Вконец оглушив читателя, не позволяя ему собраться с мыслями и задать резонный вопрос, в каком же возрасте ребенок подобен Платону, Фоме Аквинскому или Канту, Лоос переходит к самому знаменитому пассажу своей статьи, прославившему его имя в ряду писателей от эстетики. Ни Рескин с Моррисом, ни Пейтер с Оскаром Уайльдом оказались неспособны выговорить что-либо подобное. «Для маленького ребенка и папуаса не существует морали. Папуас убивает своих врагов и их съедает; но он не преступник. Современный же человек, убивающий и съедающий соседа, или преступник, или дегенерат. Папуас украшает себя татуировкой, разрисовывает сою пирогу и весло, все, что попадает ему в руки. Он не преступник. Современный человек с татуировкой или преступник, или дегенерат. Во многих тюрьмах число татуированных достигает 80%. Люди с татуировкой, живущие на свободе, являются или потенциальными преступниками, или аристократами-дегенератами. Бывает, что до конца своих дней они ведут безупречную жизнь. Это значит, что смерть наступила раньше, чем они совершили преступление»[8].

Текст Лооса носит следы самых разнообразных влияний и содержит еще больше предвосхищений. Если рассуждения об эстетстве и «дегенерации» с одной стороны, следуют знаменитому некогда «Вырождению» Макса Нордау и исследованиям «тела-палимпсеста» Чезаре Ломброзо , а с другой - расчищают дорогу для кампаний против «дегенеративного искусства», проводившихся под патронажем другого знаменитого венца, то наброски культурологической концепции можно счесть предвосхищающими Шпенглера или Ханса Зедльмайра[9]. А последовательно конструируемый Лоосом психотип «дикаря», не различающего свои поделки и собственное тело, напоминает позднейшую концепцию Леви-Брюля , и даже превосходит ее своей радикальностью.
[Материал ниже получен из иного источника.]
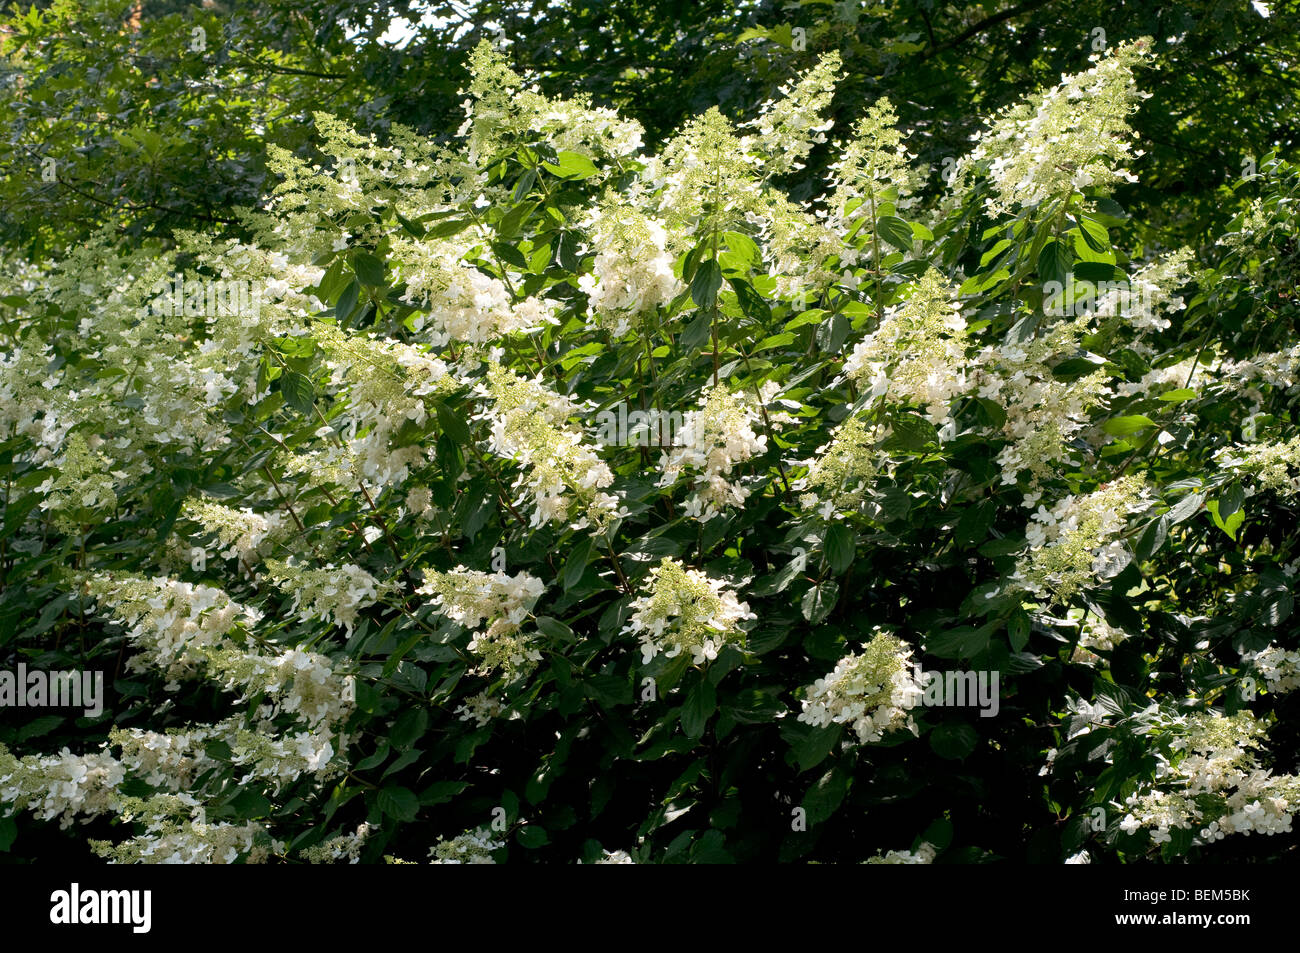 Hydrangea paniculata GREENSPIRE Stock Photo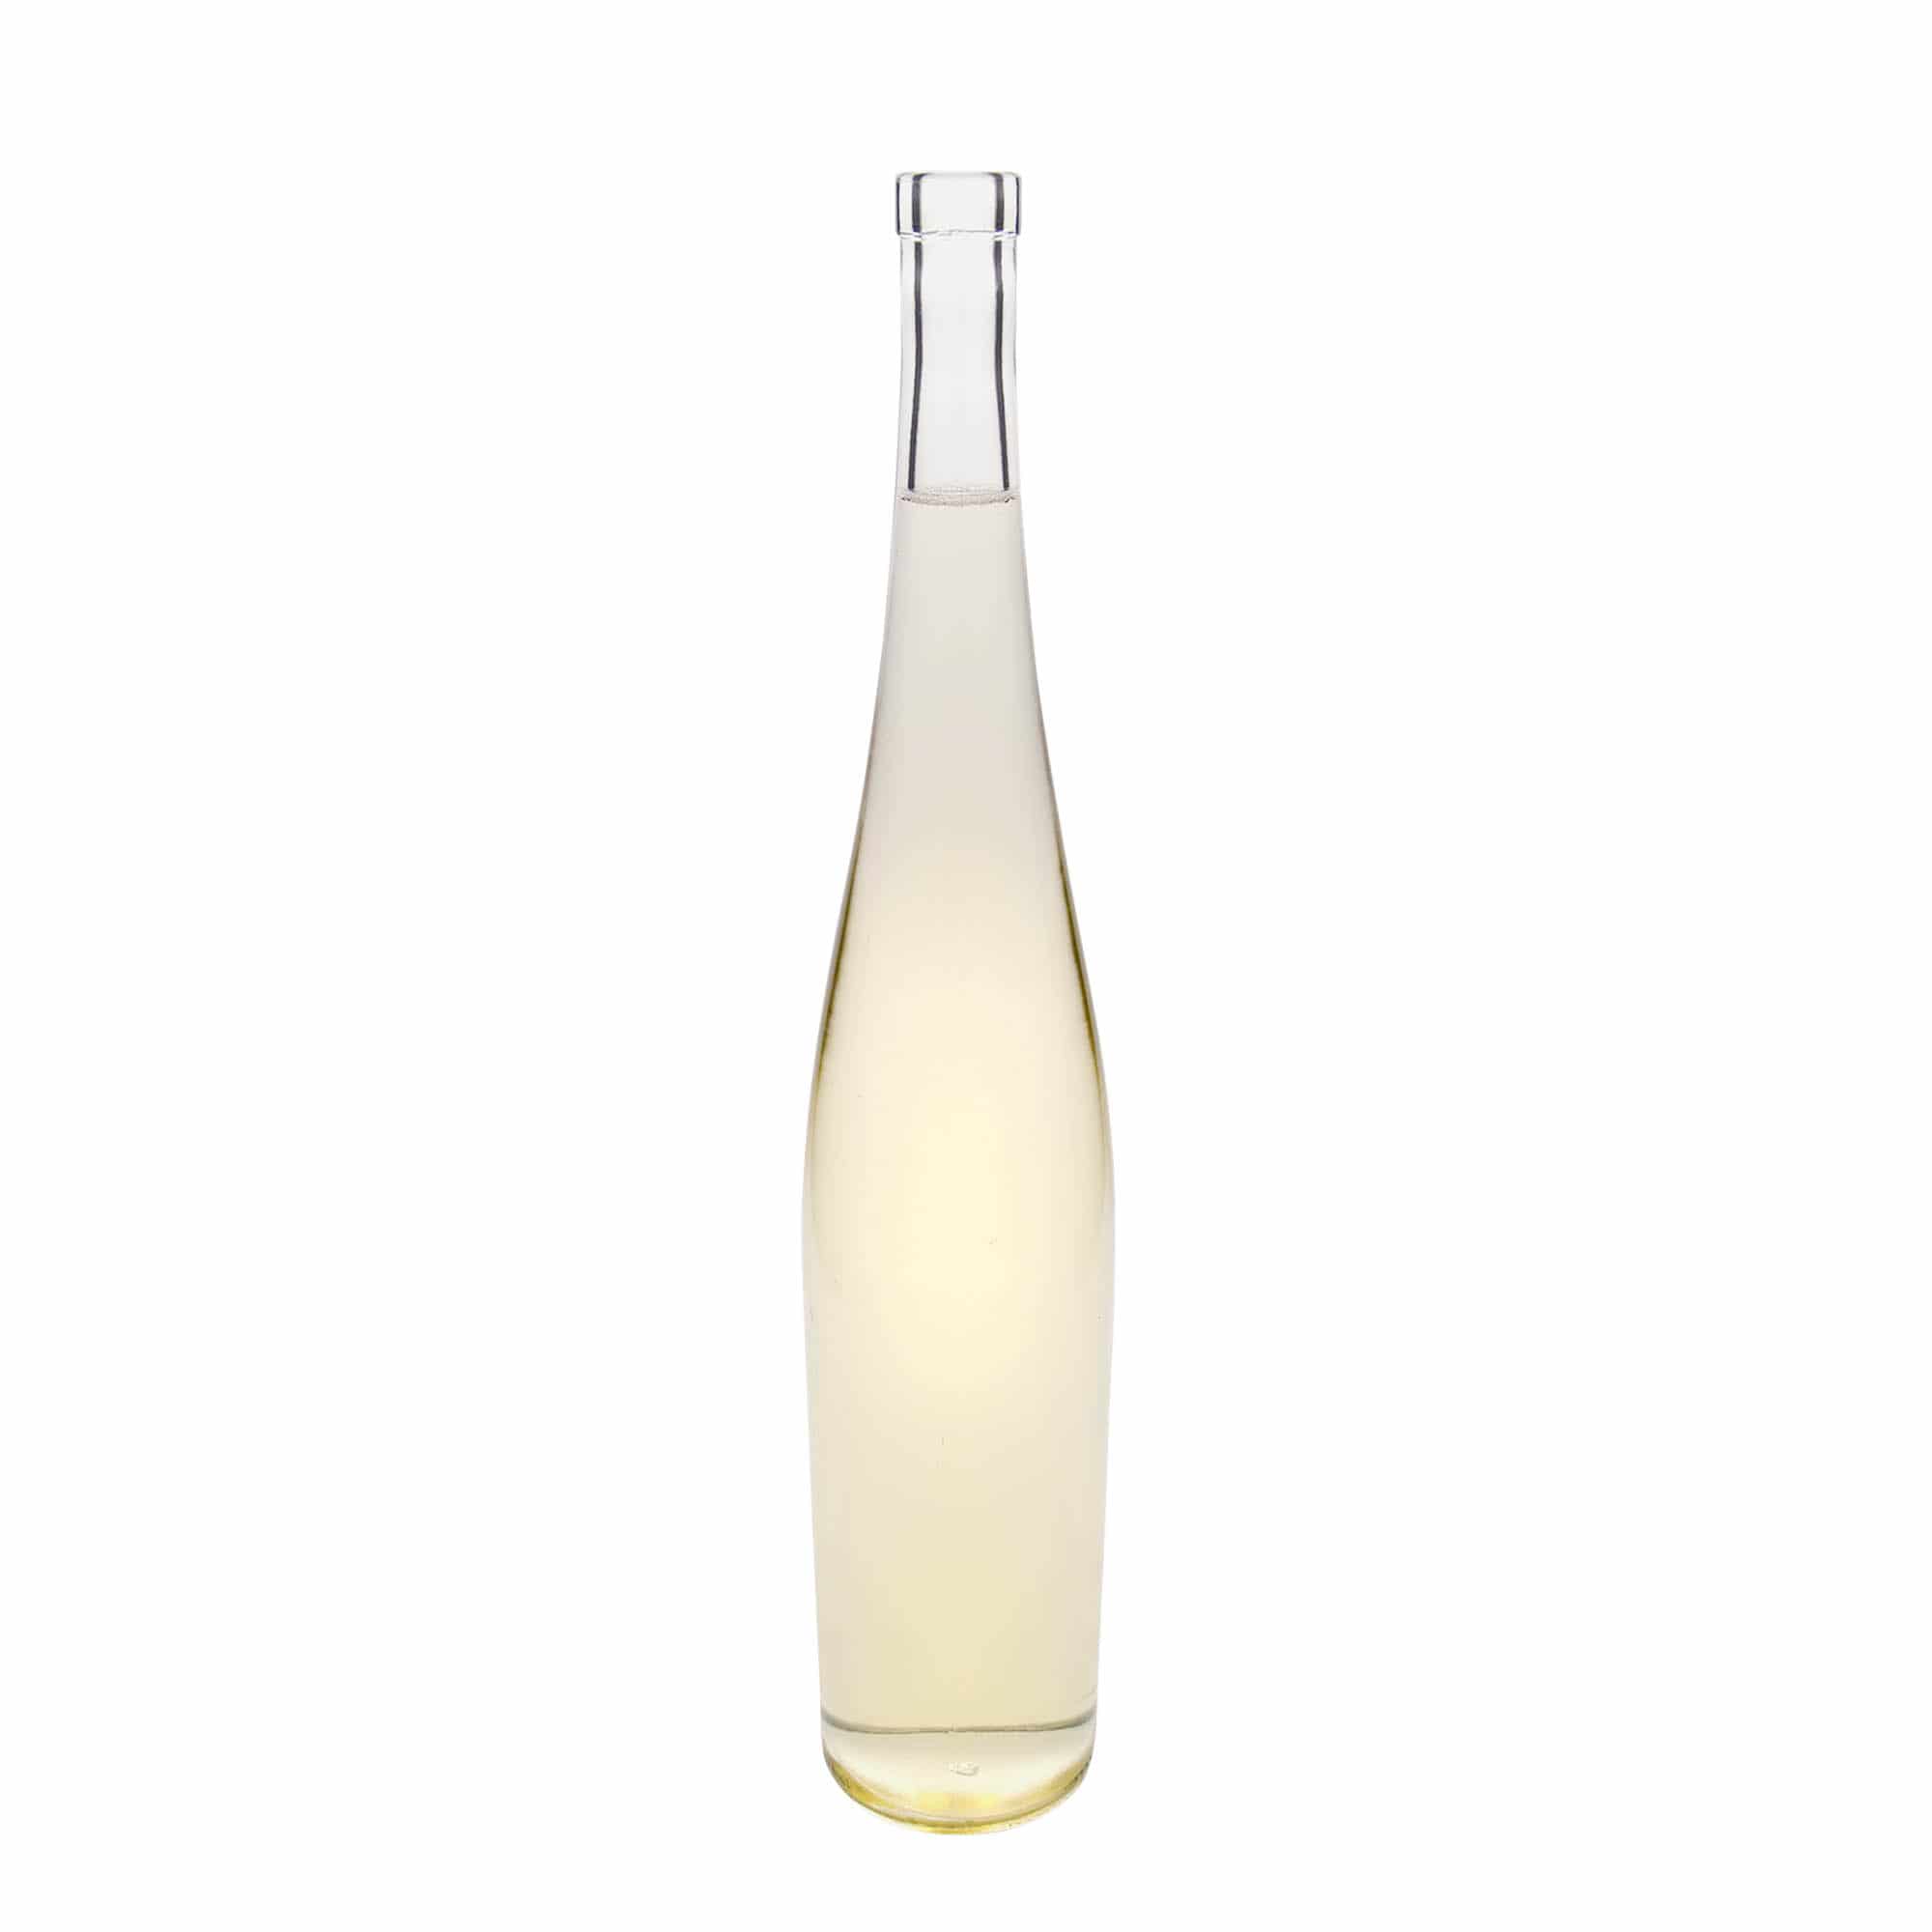 1,500 ml glass bottle 'Weinschlegel', closure: cork

Однако больше всего привлекает внимание настойчиво проводимая Лоосом параллель (эротического оттенка) между архитектурно-ремесленными объектами и человеческим телом. Уточним, что Лоос все время говорит о поверхностях , будь то поверхность человеческой кожи или плоскости, ограничивающие объем постройки. О каком же теле здесь идет речь? Из практики самого Лооса становится ясно, что это классицистическое, замкнутое в себе одиночное тело, сведенное к пластически артикулированной поверхности, и противоположное постоянно переходящему свои границы телу народной культуры, изображенному Бахтиным в книге о творчестве Рабле.

Трактовка тела в концепции карнавальной культуры Бахтина общеизвестна. Замечу, что Бахтин подчеркивает моменты, связанные с обменом веществ и продолжением рода и, соответственно, акцентирует внимание на отверстиях тела. Тело, переходящее свои границы, непрерывно обменивается своим веществом с окружающей средой, и именно из такого тела в мифах создается весь мир. Как пишет В.Н. Топоров в статье «Модель мира» из «Мифов народов мира», «мифопоэтическая модель мира часто предполагает тождество (или, по крайней мере, …зависимость) макрокосма и микрокосма, природы и человека. Это тождество объясняет многочисленные примеры антропоморфного моделирования не только космического пространства и земли в целом, но и бытовых сфер - жилища, утвари, посуды, одежды, разные части которых на языковом и на надъязыковом уровнях соотносимы с названиями человеческого тела»[10].

Классицистическое тело, напротив, изолировано от окружающей среды и замкнуто в себе. Взгляд античных статуй пуст, однородная поверхность мрамора ничем не нарушается (ни Винкельман, ни Канова не знали, что эти статуи изначально были ярко раскрашены, словно манекены) и только в эллинистическую эпоху скульпторы начинают высверливать зрачки. Одна из картин Рене Магритта («Цветы зла», 1946) изображает статую из плоти. То, о чем говорит Лоос , интереснее: это тело из мрамора. Любопытно, что антропоморфизм макрокосма при этом не устраняется, но стягивается к поверхности. Разница между человеком и объектами внешнего мира, в том числе - творениями человеческих рук, не перестает быть зыбкой, но нарушается она с неожиданной стороны.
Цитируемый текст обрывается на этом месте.